Durant les vagues de chaleur, les caténaires se déforment, tandis que les rails se dilatent et les systèmes de climatisation échouent. En France, ces infrastructures, souvent anciennes, témoignent d'un manque d'entretien face à des conditions climatiques devenues extrêmes. La canicule actuelle, marquée par des températures dépassant les 35°C, exacerbe ces problèmes.
En quoi les situations de train annulés sont-elles liées à la chaleur?
La SNCF retire certains anciens trains de la circulation lorsque la chaleur devient trop intense, garants de conditions de voyage désagréables. Les rames Corail, héritées des années 1970, vu leur climatiseur inefficace en cas de forte chaleur, sont souvent concernées, notamment sur des lignes Intercités comme Paris-Clermont.
En Île-de-France, la SNCF a annulé environ 10% de ses trains temporaires pour éviter le risque de déformation des rails. Des mesures similaires sont appliquées en Belgique, où des rames non climatisées sont retirées durant les heures de pointe.
Dans l'actualité du 23 juin -> "Voyage cauchemardesque sur un TGV Paris-Bâle sans climatisation".

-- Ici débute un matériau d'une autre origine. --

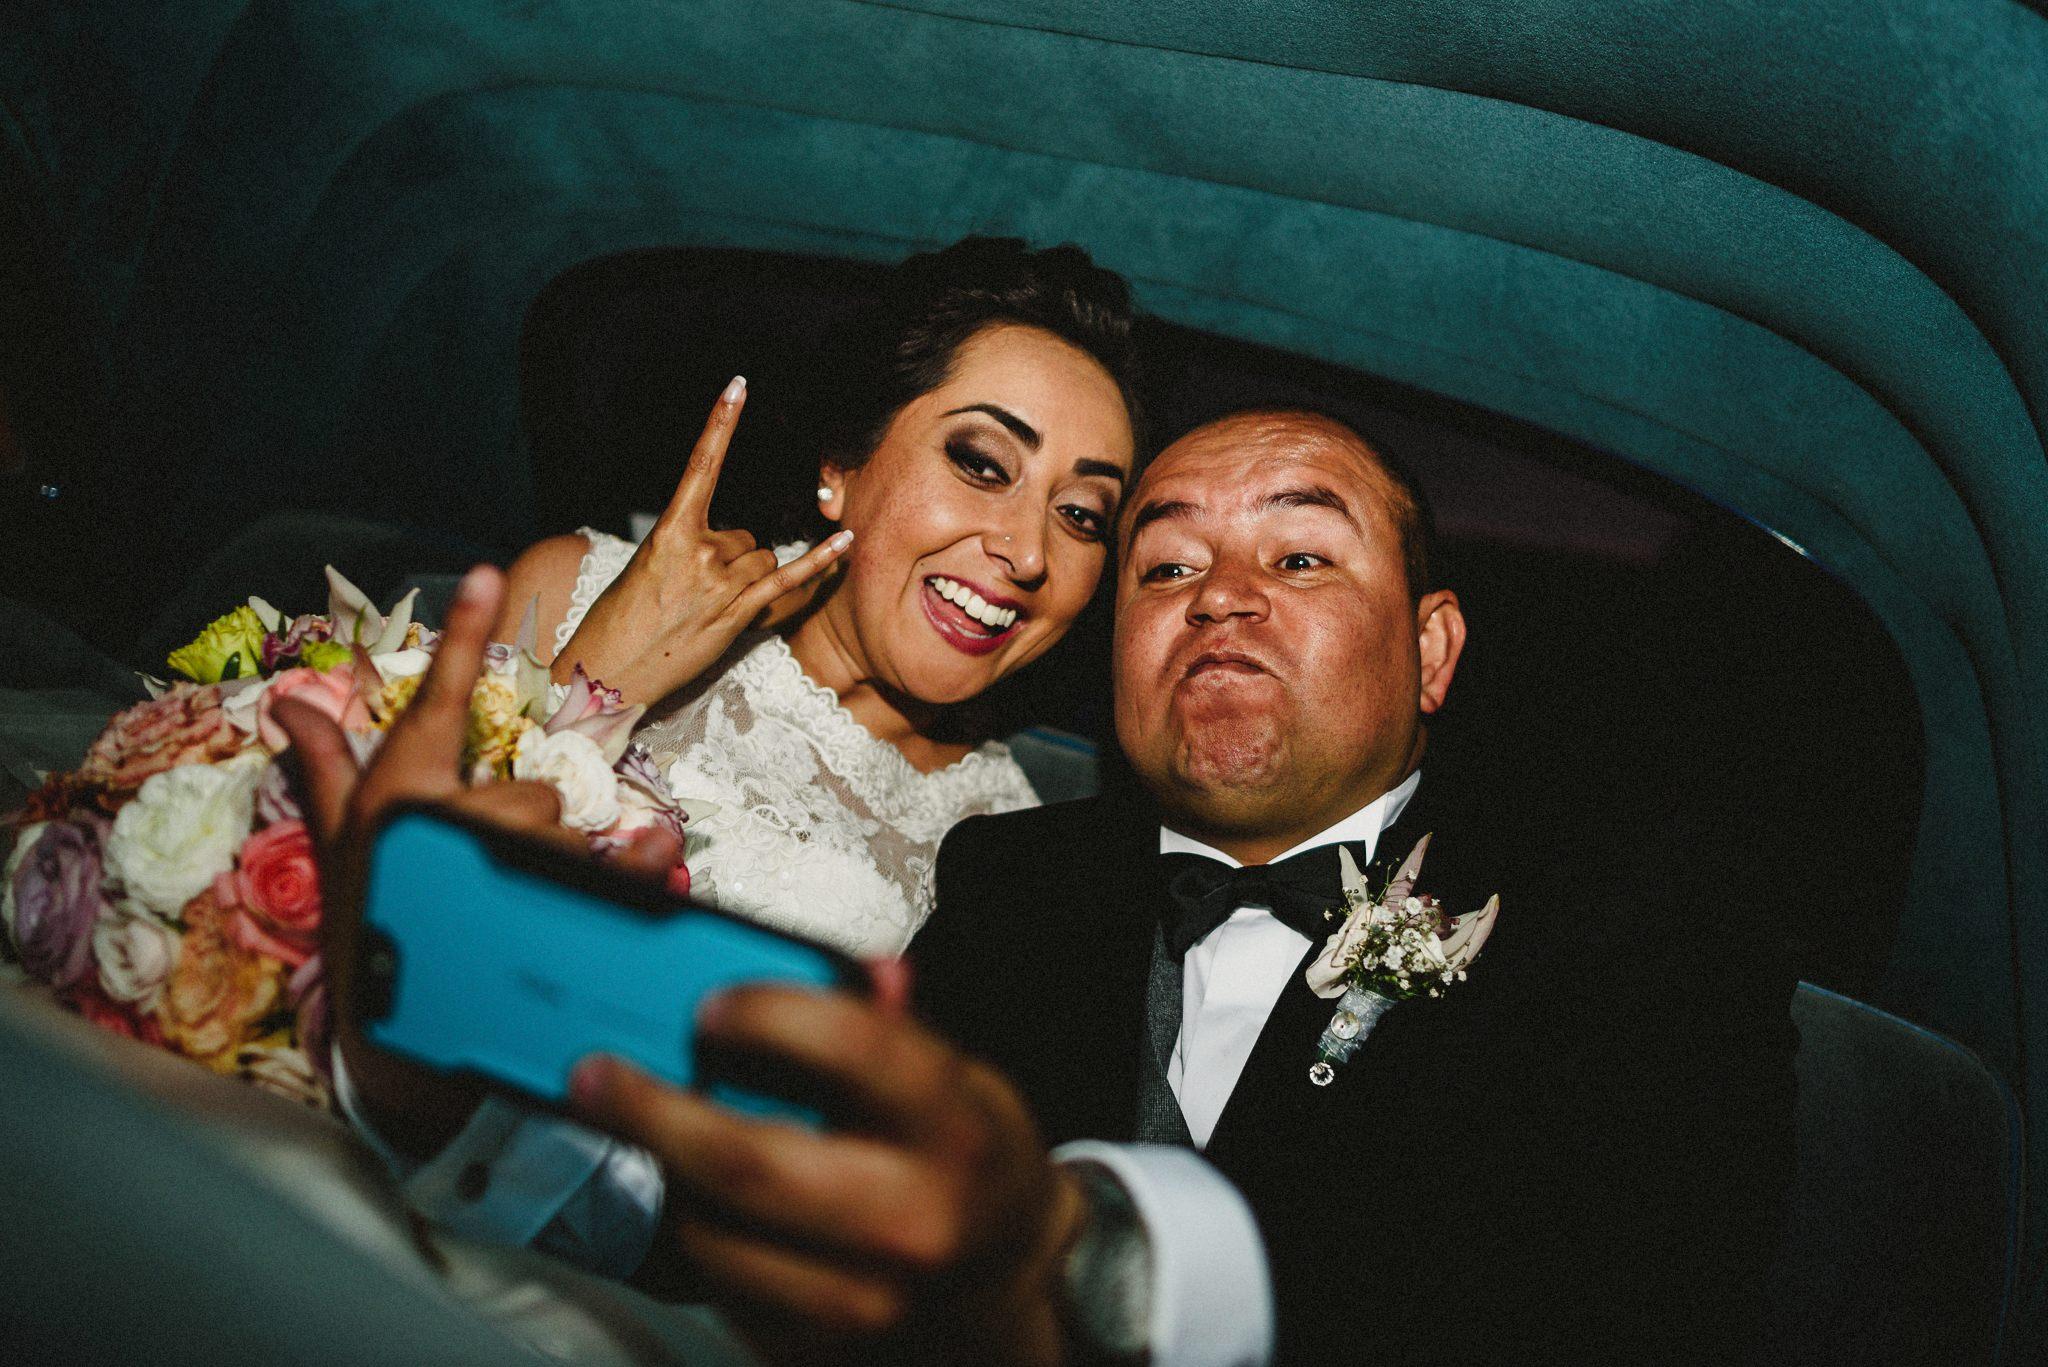 Wedding-Boda-Tulancingo-Hidalgo-Salon-Essenzia-Luis-Houdin-37-film

La panne électrique à la gare de l'Est : canicule en cause ?
La SNCF soupçonne fortement que la panne d'électricité survenue le 18 juin, qui a paralysé tout le trafic à la gare de l'Est, provienne de la chaleur, comme l'a indiqué Séverine Lepère, directrice générale de SNCF Réseau Ile-de-France. Les investigations se poursuivent.
La canicule actuelle : un défi majeur pour les infrastructures ferroviaires
Les vagues de chaleur prolongées, avec des températures de rail dépassant 60°C, s'avèrent exceptionnelles. "Ce n'est pas habituel de maintenir de telles températures continuelles en Île-de-France", précise Séverine Lepère.
"Les déformations de rails et ruptures de câbles augmentent considérablement les risques de déraillement", souligne John Lawrence de l'institut IET sur le ferroviaire.
Les équipements de signalisation et de communication le long des voies subissent également les effets néfastes de la chaleur.
Pourquoi d'autres pays gèrent mieux la chaleur sur leurs réseaux ferroviaires ?
Contrairement à l'Europe, des trains à très grande vitesse circulent à des températures supérieures en Inde ou en Afrique, mais à des vitesses bien inférieures. La fiabilité des rails et la qualité des voies jouent un rôle crucial dans les infrastructures ferroviaires européennes, explique Pierre Plaindoux, expert en transport. Aux États-Unis, les ruptures de caténaires sont rares, car ce réseau dépend principalement du diesel.
Quelles solutions peuvent être envisagées ?
Parmi les solutions évoquées, une meilleure surveillance des températures des rails pourrait permettre de déclencher des ralentissements automatiques en cas de forte chaleur. D'autres pays, où la main d'œuvre est moins coûteuse, intègrent des humains pour surveiller le réseau, tandis que la France envisage d'installer davantage de capteurs.
Peindre les rails en blanc est une autre alternative prometteuse. Cette méthode, déjà appliquée dans certains pays comme l'Italie, pourrait réduire les températures internes des rails de 5 à 10°C, comme le rapporte Antonios Kanellopoulos, directeur de recherche à l'université du Hertfordshire.
Enfin, l'implantation de caténaires fixes, plutôt que filaires, est également prévue en France, concentrée sur les tronçons à fort trafic, bien que cette option soit jugée coûteuse pour le long terme, selon Pierre Plaindoux.